Pandora adventure

Time Limit: 1000MS

Memory Limit: 32768KB

64bit IO Format: %I64d & %I64u

Submit Status

Description

The pollution of the earth is so serious that people can not survive any more. Fortunately, people have found a new planet that maybe has life, and we call it "Pandora Planet".

Leonardo Da Vinci is the only astronaut on the earth. He will be sent to the Pandora Planet to gather some plant specimens and go back. The plant specimen is important to the people to decide whether the planet is fit to live or not.
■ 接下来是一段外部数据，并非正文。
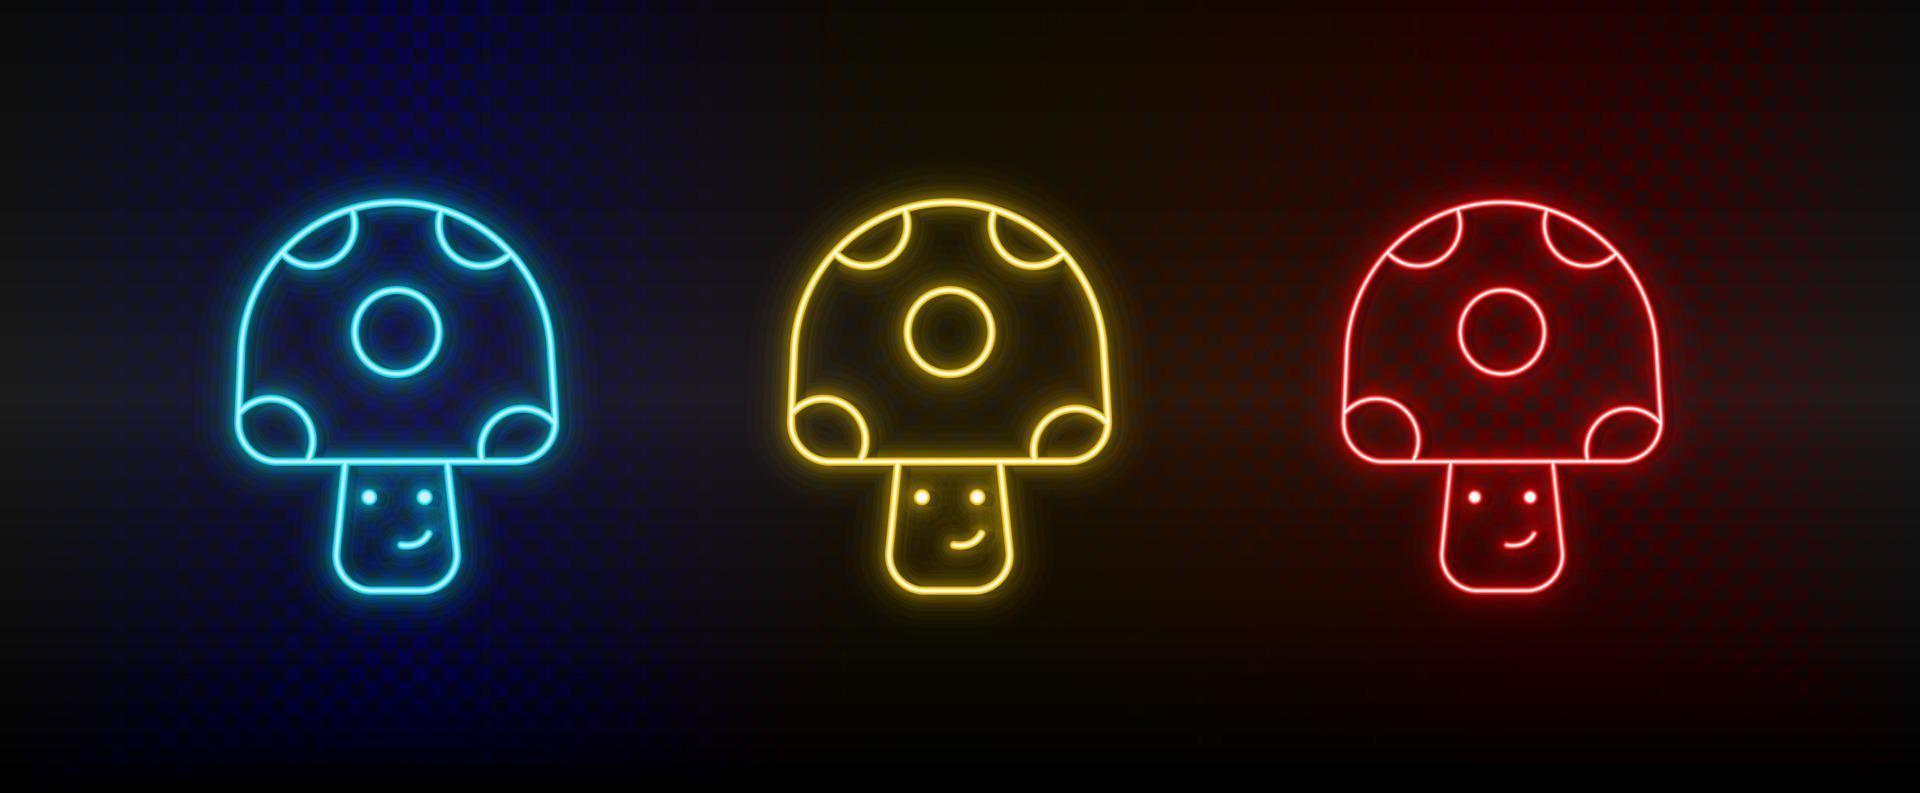 icônes au néon. arcade rétro champignon de jeu vidéo. ensemble d'icônes vectorielles néon rouge, bleu, jaune sur fond sombre vecteur
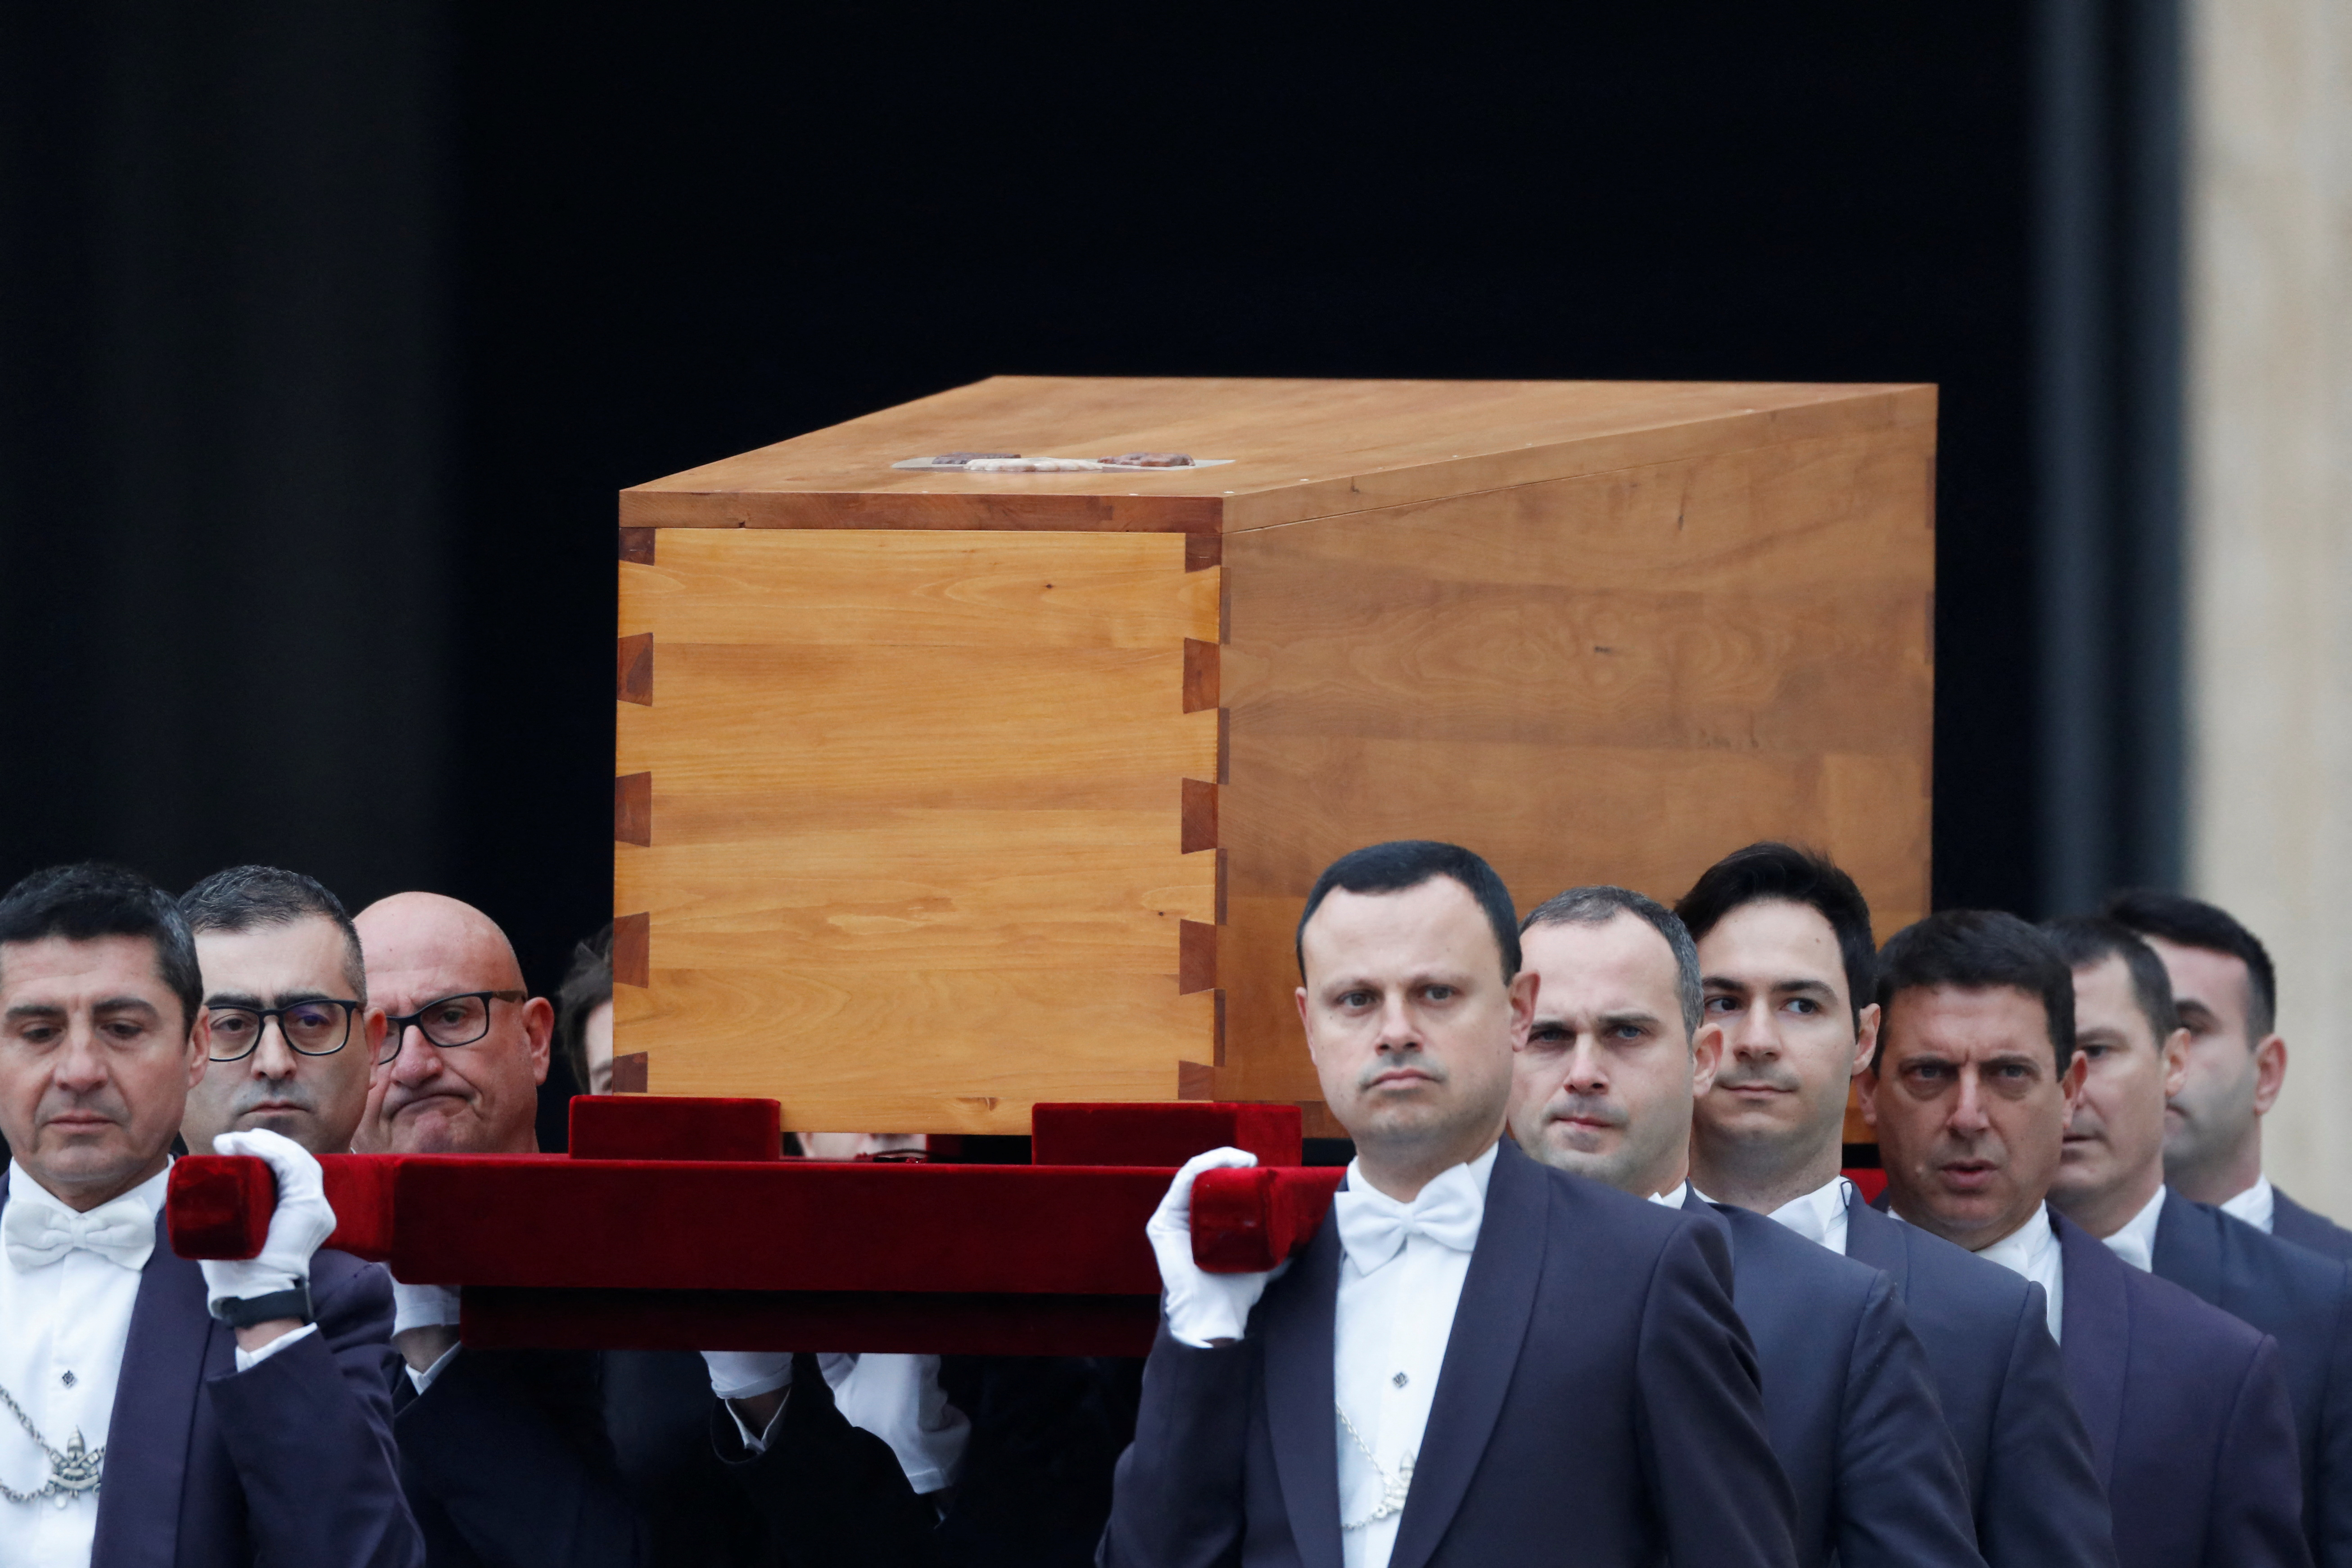 El ataúd del ex Papa Benedicto XVI es llevado al lugar designado para el comienzo de su funeral, en la Plaza de San Pedro en el Vaticano.

Assuming that Da Vinci can only move in an N×M grid. The positions of the plant specimens he wants to collect are all marked by the satellite. His task is to find a path to collect all the plant specimens and return to the spaceship. There are some savage beasts in the planet. Da Vinci can not investigate the grid with the savage beast. These grids are also marked by the satellite. In order to save time Da Vinci could only visit each grid exactly once and also return to the start grid, that is, you can not visit a grid twice except the start grid. You should note that you can choose any grid as the start grid.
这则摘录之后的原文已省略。